阶梯上,好几个正沐浴祥瑞之光、伤势好转的少年,听到这话,直接岔了气,咳得面红耳赤,好不容易凝聚起来的那点敬畏之心差点当场碎裂。
高台上,一位年纪颇大的修士山羊胡翘了翘,差点把自己胡子揪下来。
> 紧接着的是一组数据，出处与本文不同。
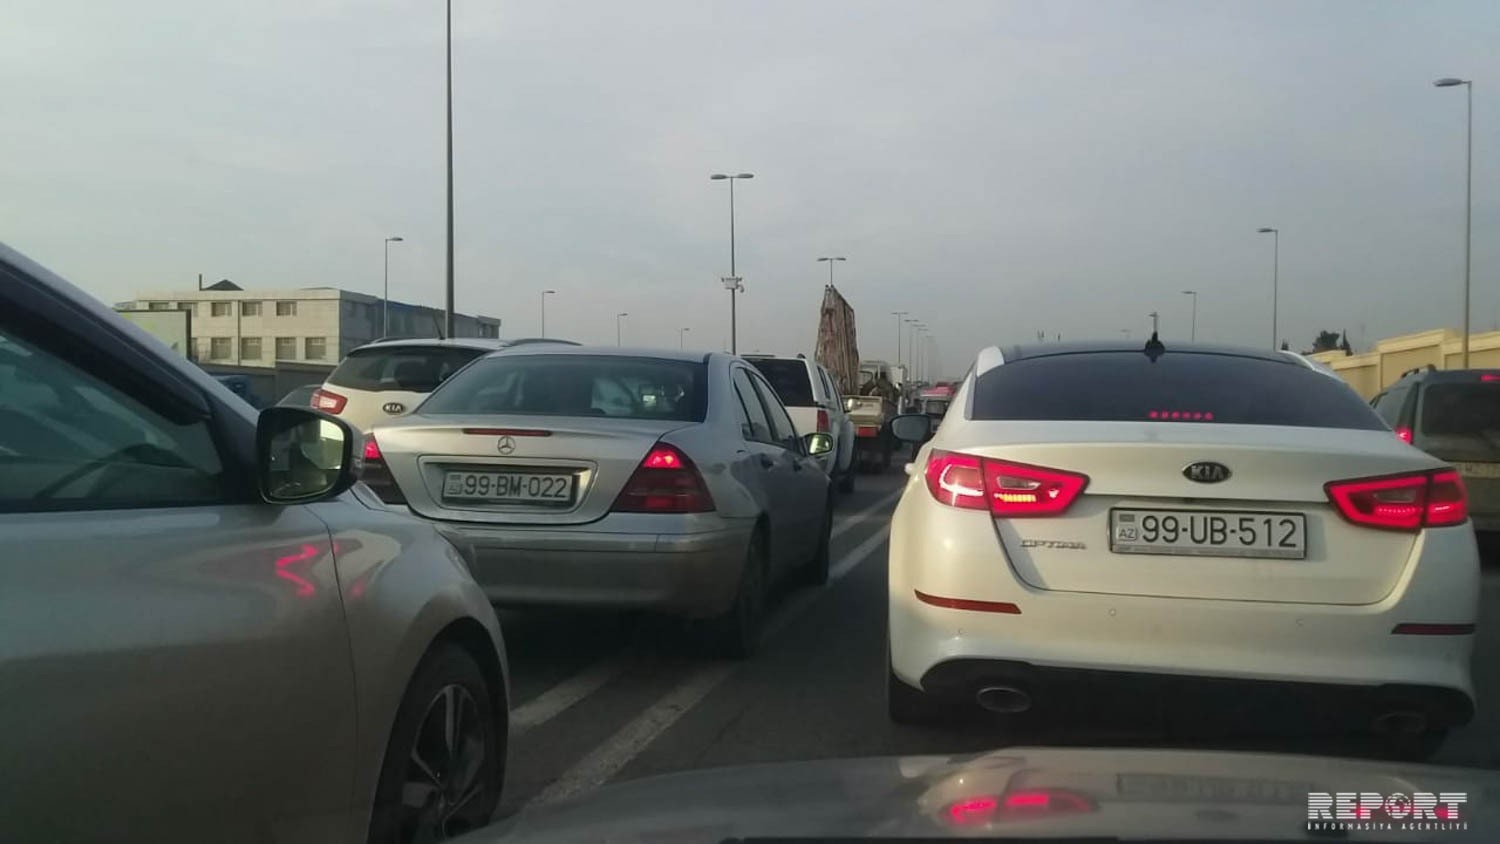 Авария на проспекте Зии Буньядова в Баку привела к пробке - ФОТО
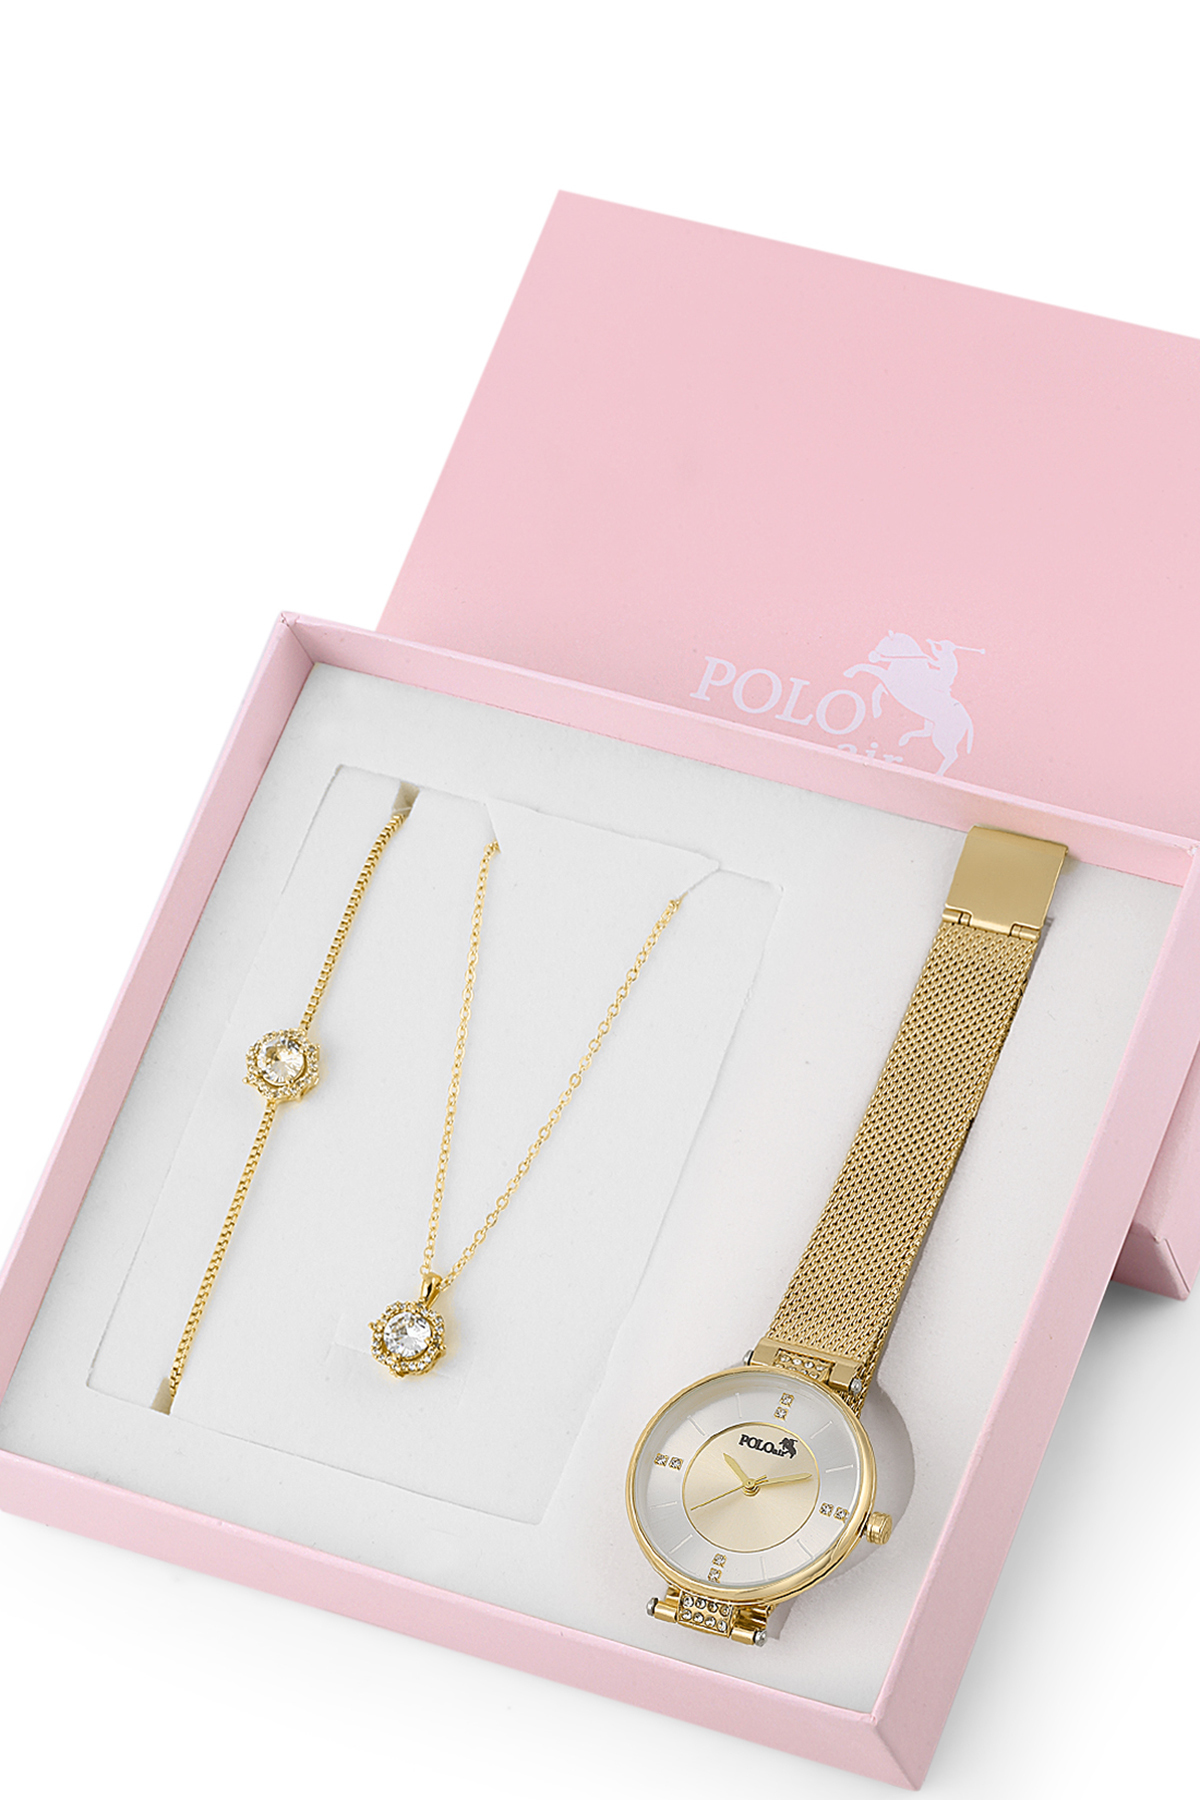 Polo Air Wicker Cord Women's Wristwatch Zircon Stone Necklace Bracelet Special Combination Set Gold Color

冷面修士的脸颊肌肉剧烈跳动了一下,强行绷住了表情。
万凤来朝!地涌金莲!亘古异象! 这位引动异象的主儿,第一反应居然是……可惜没能用来烧烤?!还惦记着那点孜然辣椒面?!
这丫头……这奇葩……这怪胎……她到底知不知道自己引发了什么?!她脑子里除了吃还能不能装点别的?!比如震惊、狂喜、或者哪怕一点点对天地的敬畏?!
然而,异象并未因云杳杳的“大逆不道”而有丝毫减弱,反而愈发恢弘神圣。七彩神凤清唳不绝,绕着她飞旋九周,每一周都洒落更多蕴含大道碎片和精纯灵机的光雨,融入她的身体,也更多地惠及了下方的阶梯与修士。
锦衣少年被浓郁的光雨笼罩,只觉浑身暖洋洋的,之前的重伤不仅瞬间痊愈,体内灵力甚至变得更加精纯澎湃,远胜从前!他猛地睁开眼睛,感受着体内前所未有的舒畅与强大,眼中充满了难以置信与极致的复杂。他看向顶端那个身影,之前的所有鄙夷、不屑、愤怒,此刻全都化为了乌有,只剩下深深的无力感、荒谬感和一丝连自己都不愿承认的……敬畏。
这简直是……人比人得死,货比货得扔!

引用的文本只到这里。